People living in properties above 18 metres are already able to access government grants from a £5bn Building Safety Fund. Under the new plan, developers will have to shoulder the estimated additional £4bn cost of remedial cladding costs for buildings between 11m and 18m tall, while leaseholders “will not have to pay a penny”, said the Daily Mail.
At least “116,000 flats in 7,500 blocks are expected to benefit from the plan”, the paper continued. “Forensic accountants” will be tasked with tracking down those responsible for unsafe cladding, and developers who refuse to stump up “face the prospect of swingeing new levies”. They “will also be banned by law from passing on the bill to leaseholders through inflated service charges”.
Other potential action against developers who refuse to hand over cash include “restricting access to government funding and future procurements, the use of planning powers, and pursuing firms through the courts”, said Sky News.
Gove told the broadcaster that he was prepared to “use legal means and ultimately, if necessary, the tax system” to ensure developers take responsibility for the cladding problem.

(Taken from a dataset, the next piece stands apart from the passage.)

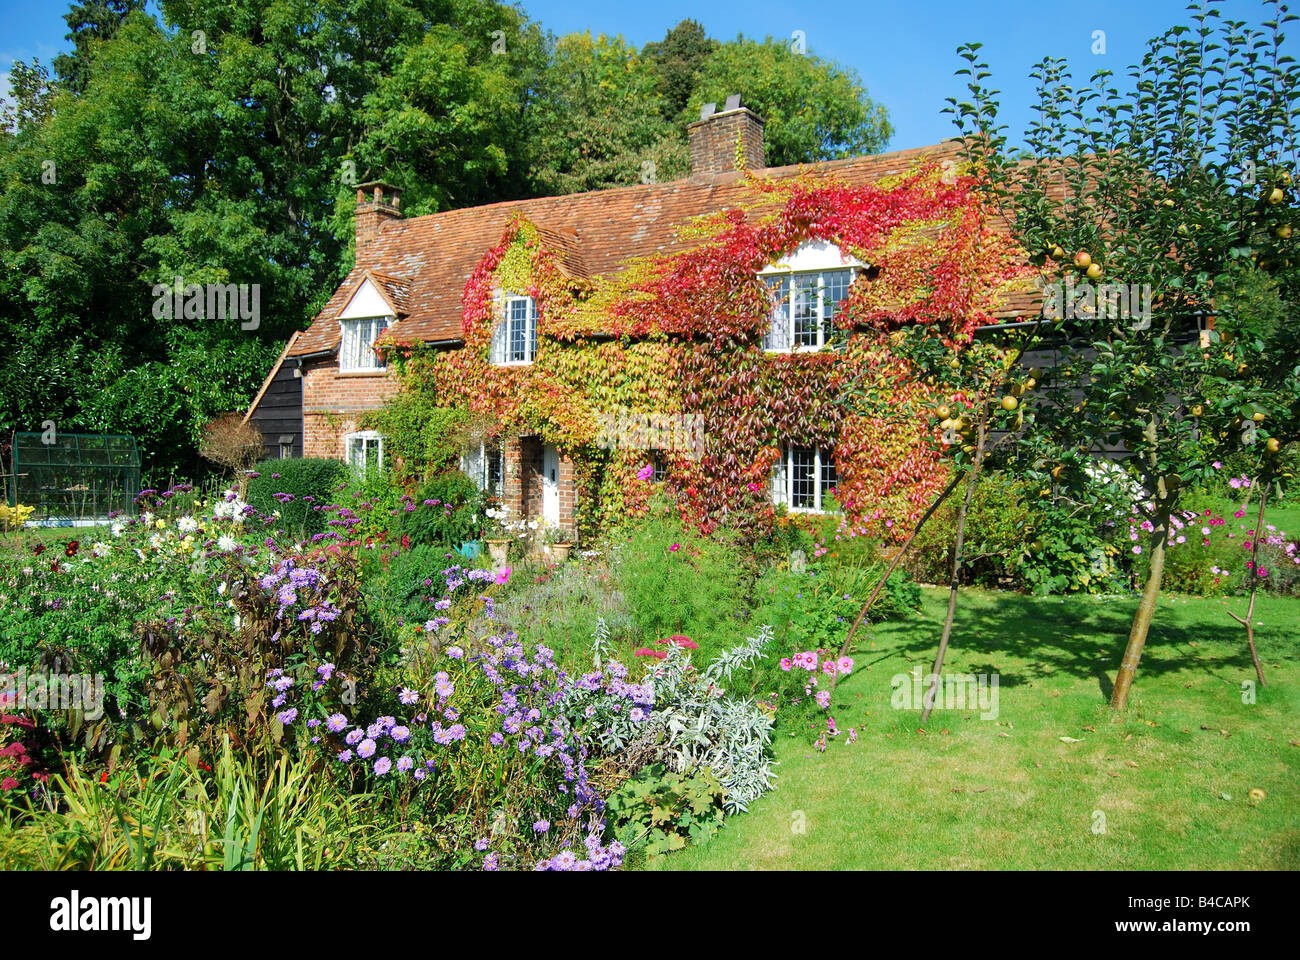 Chalet et jardin, période Chartridge, Buckinghamshire, Angleterre, Royaume-Uni Banque D'Images

The housing secretary is setting a deadline of early March for developers to publicly agree to his plans.
Campaigners have “tentatively welcomed the plans”, said ITV News. But developers have argued that “they are being unfairly singled out”, said the FT.
The Home Builders Federation (HBF), the body that represents developers, has agreed that “leaseholders should not have to pay for remediation for buildings”, adding that previous loan scheme proposals “proved to be impractical”.
But the bill should be footed by “other parties” as well as developers, the federation has argued, “not least material manufacturers who designed, tested and sold materials that developers purchased in good faith”.
Campaigners have noted that not all leaseholders will benefit from the plans.
“There is no funding” for building under 11m tall and “all other non-cladding fire safety issues”, said campaign group End our Cladding Scandal.
Shadow housing secretary Lisa Nandy has urged the government to do more to protect leaseholders from any further cladding costs.
“We must have legally binding protection for leaseholders in law to defend them from the costs of these appalling failures, a fixed deadline which will bring an end to this nightmare and a secretary of state who is able to marshal the resources and political will to take on the might of big money interests – and win,” Nandy said.